__RECORDED DATA__:
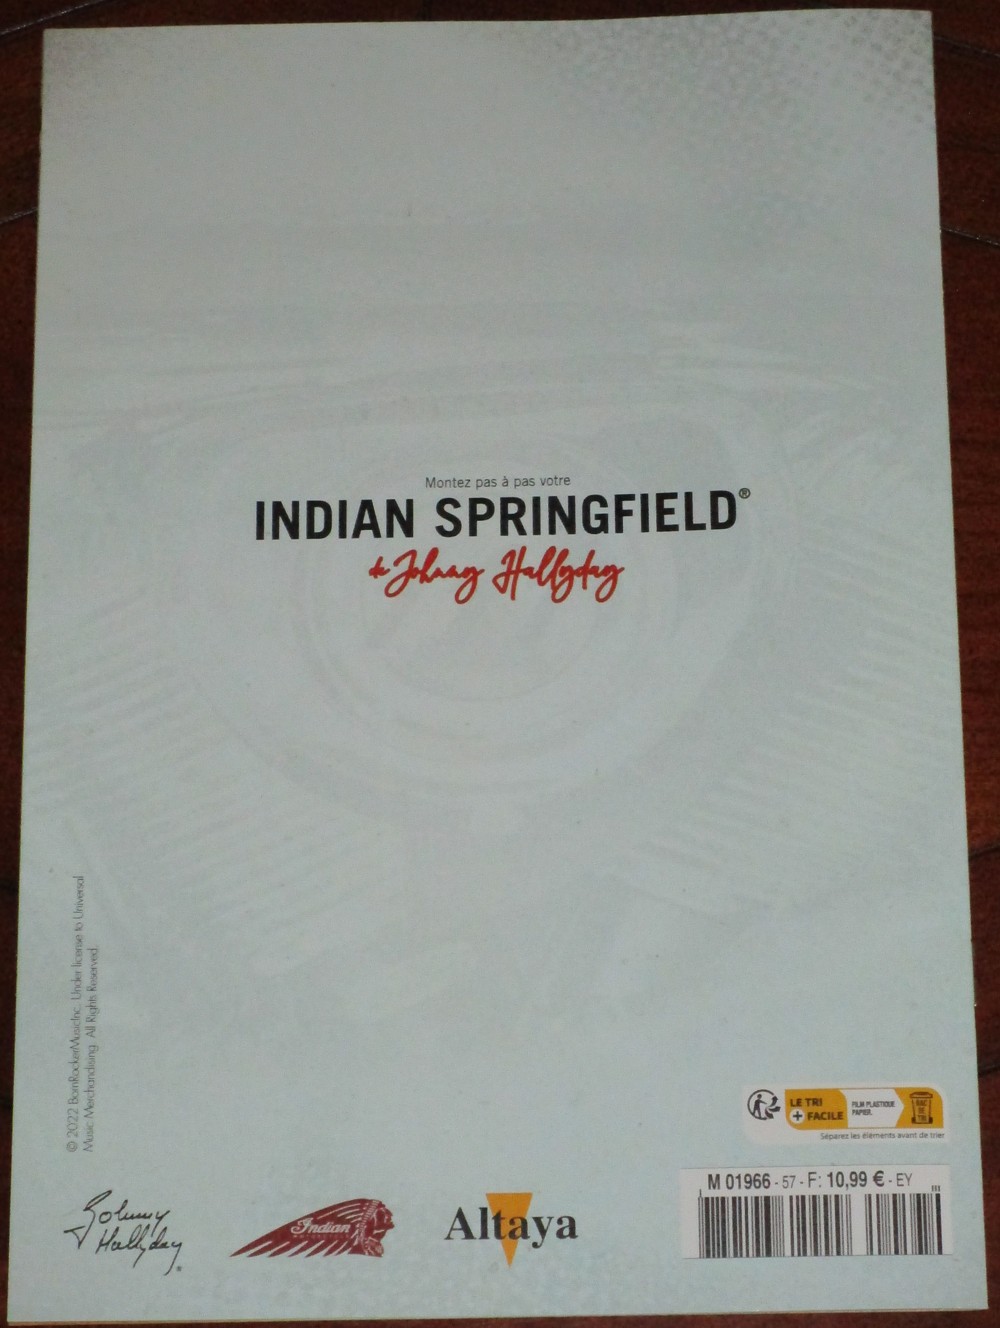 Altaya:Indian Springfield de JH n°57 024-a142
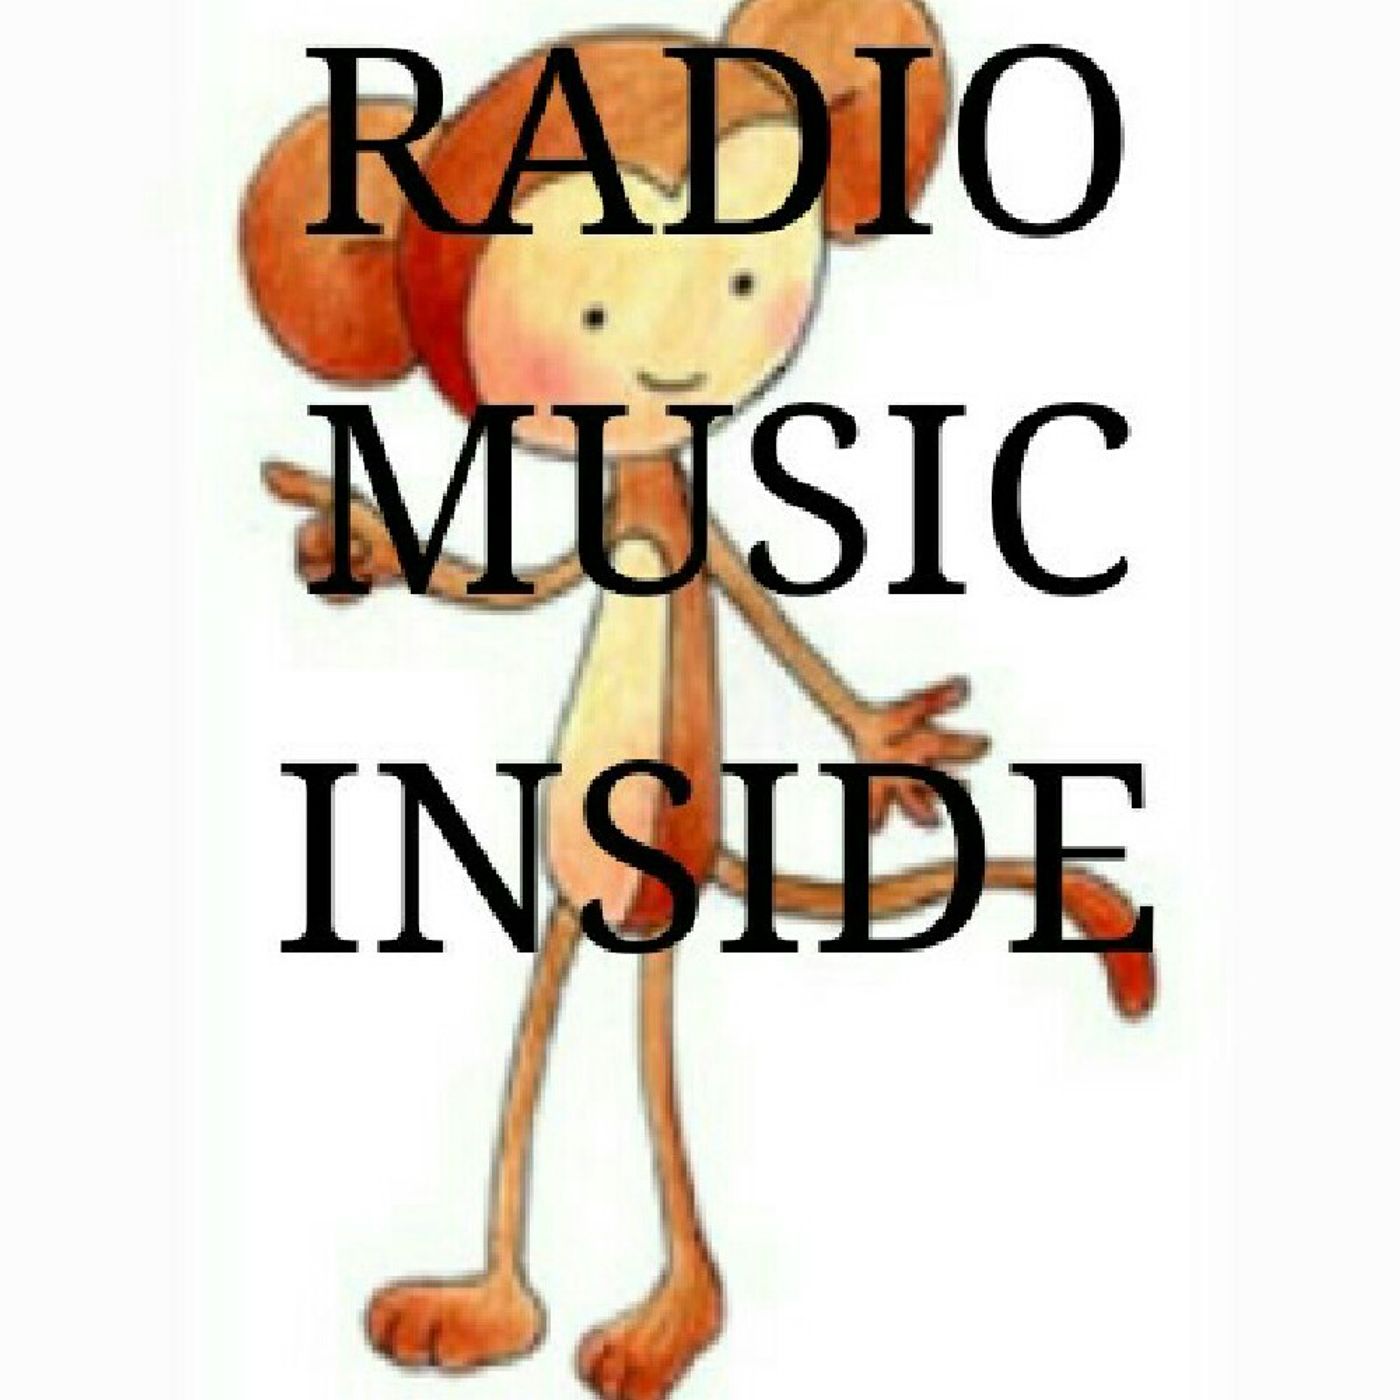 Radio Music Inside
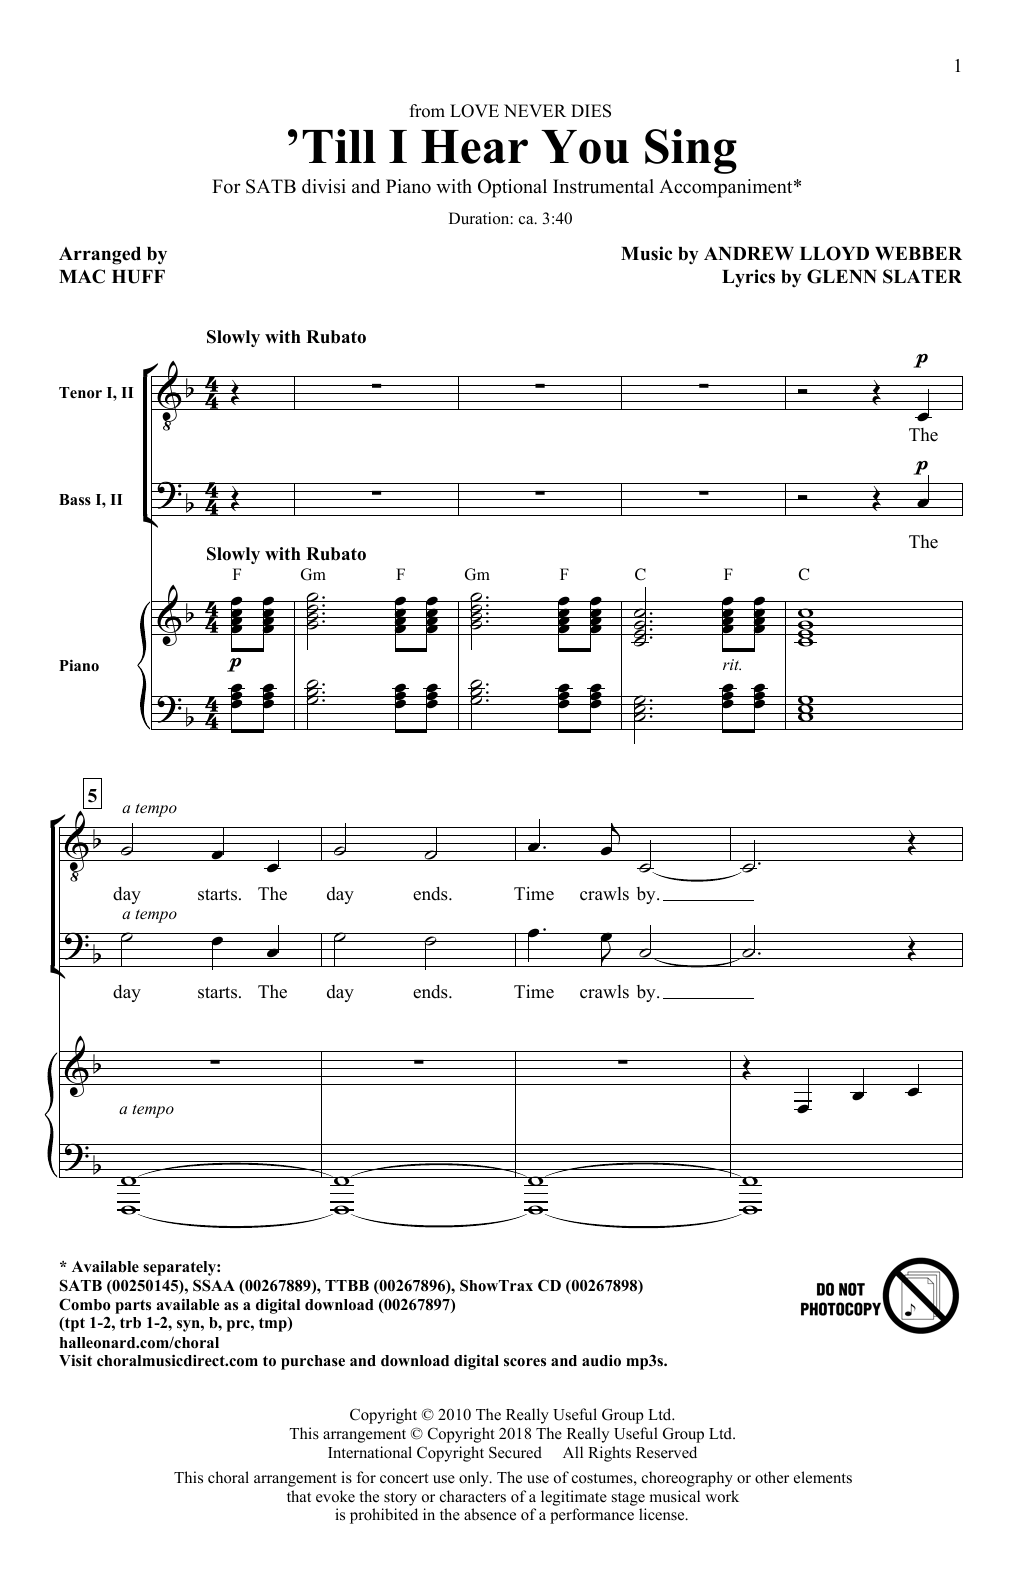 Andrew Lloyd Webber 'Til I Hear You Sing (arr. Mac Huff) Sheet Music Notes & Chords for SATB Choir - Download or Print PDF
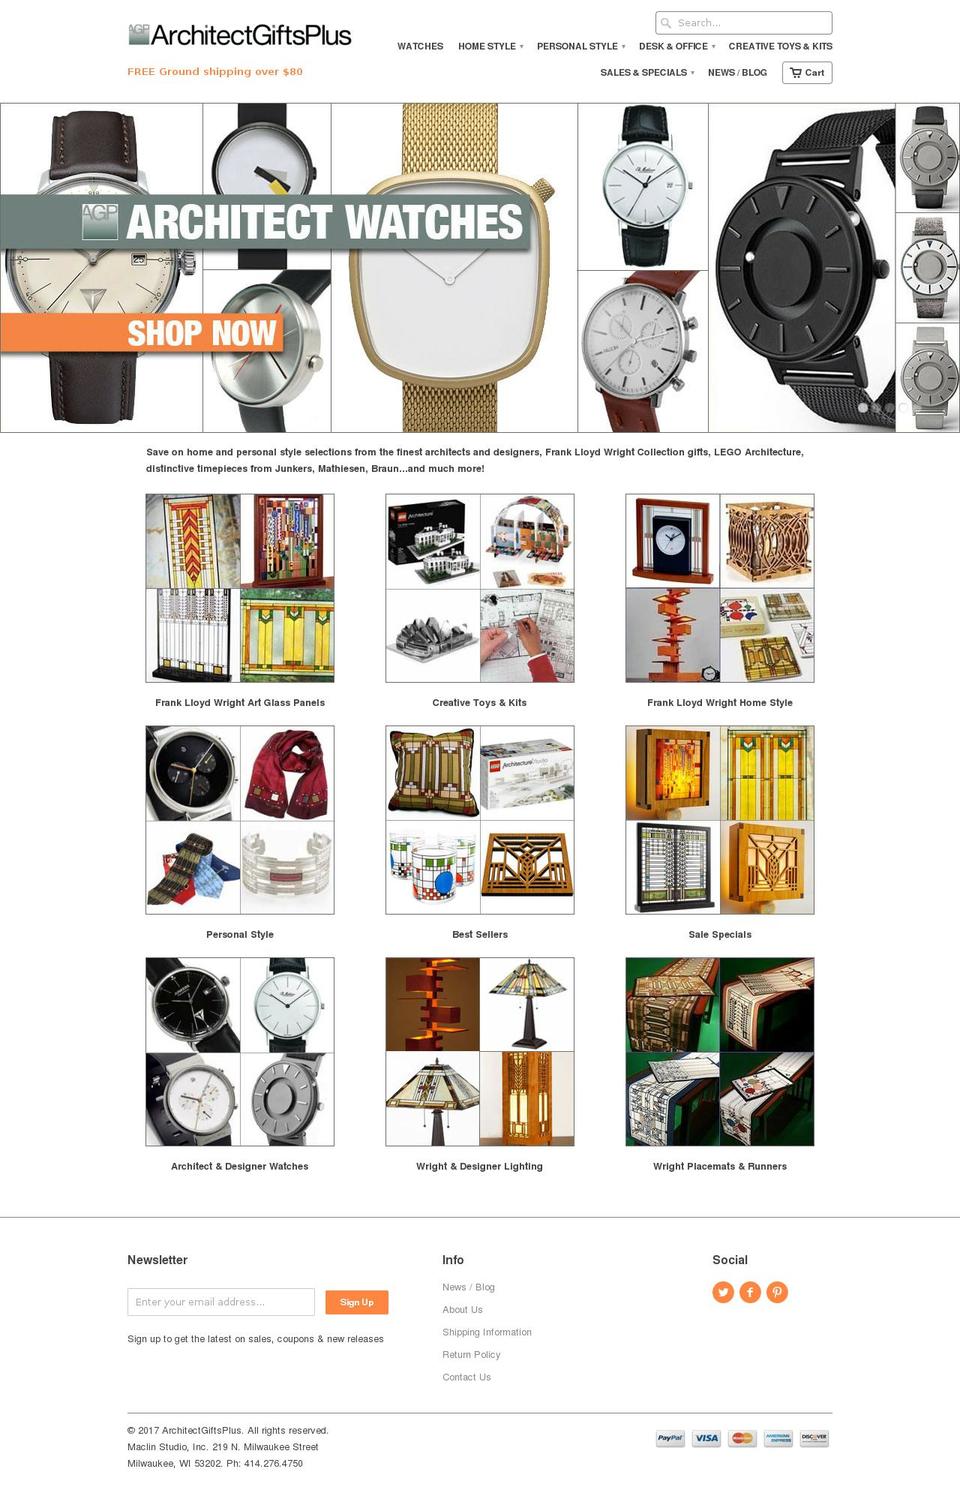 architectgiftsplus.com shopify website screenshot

__PROBLEM REQUIREMENTS__:
Pictures are to be omitted. The lines from the line holding "Radio Music Inside" through the closing line of the data above are to be set down exactly, and nothing more.

__RESULT__:
 Radio Music Inside
 Andrew Lloyd Webber 'Til I Hear You Sing (arr. Mac Huff) Sheet Music Notes & Chords for SATB Choir - Download or Print PDF
 architectgiftsplus.com shopify website screenshot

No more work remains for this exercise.